Your Wife.
This is the letter in which David Elliot thinks his wife "went too far." He produced it before Judge David Matchett Saturday in a suit for divorce.
118. Suspense Lead.—The most difficult to handle of all the informal leads is the suspense lead, where the writer purposely begins with unimportant but enticing details and lures the reader on from paragraph to paragraph, always holding out a half-promise of something worth while if one will continue a bit further. In this way the reader is tempted to the middle or end of the story before he is told the real point of the article. A difficult type of lead, this, but forceful when well handled.
Pierre L. Corbin, 60 years old, of Eatontown, who runs a dairy and drives his own milk wagon, matched the speed of his horse against that of a New Jersey Central train yesterday morning at 7 o'clock in a race to the crossing at Eatontown. It was a tie. Both got there at the same time.[15]
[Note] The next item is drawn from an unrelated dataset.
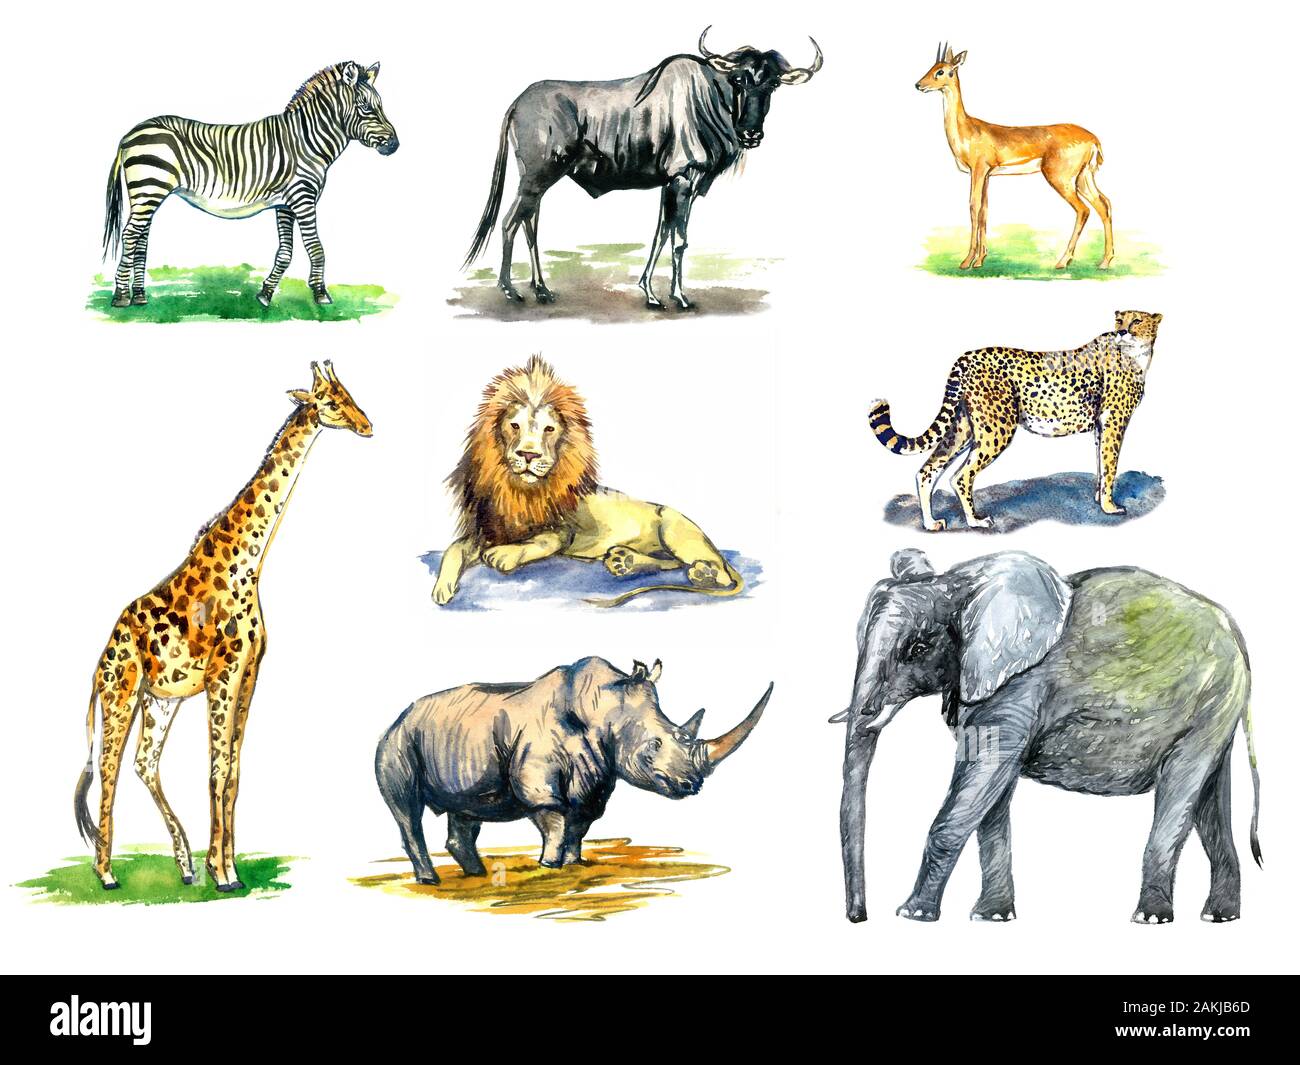 Animaux sauvages, collection d'Afrique zèbre, des gnous, des antilopes d'Oribi, girafe, lion, éléphant, rhinocéros, guépards, peinte à l'aquarelle illustration Banque D'Images

[15] New York Times, August 27, 1915.
There are two ways of patching a pair of trousers,—neatly and bluey; and probably no tailor in Manhattan is as certain of it to-day as Sigmund Steinbern. So he stated to the police yesterday when a customer sat him down on his lighted gas stove, and so he insisted last night when friends called to see him at the Washington Heights Hospital. Furthermore, to say nothing of moreover, he is a tailor of standing, or will be for the next couple of weeks, and he knows his place. It is not, he feels, upon a gas stove.
To friends who called at the hospital to ask Mr. Steinbern exactly what had happened to him, he said, by way of changing the subject, that he has a sign in his store upon which the following appears:
Everything Done in a Hurry
There, he contends, lies the seed of the trouble. Regarding the seat of the trouble, more anon....[16]
[16] New York Herald, December 21, 1915.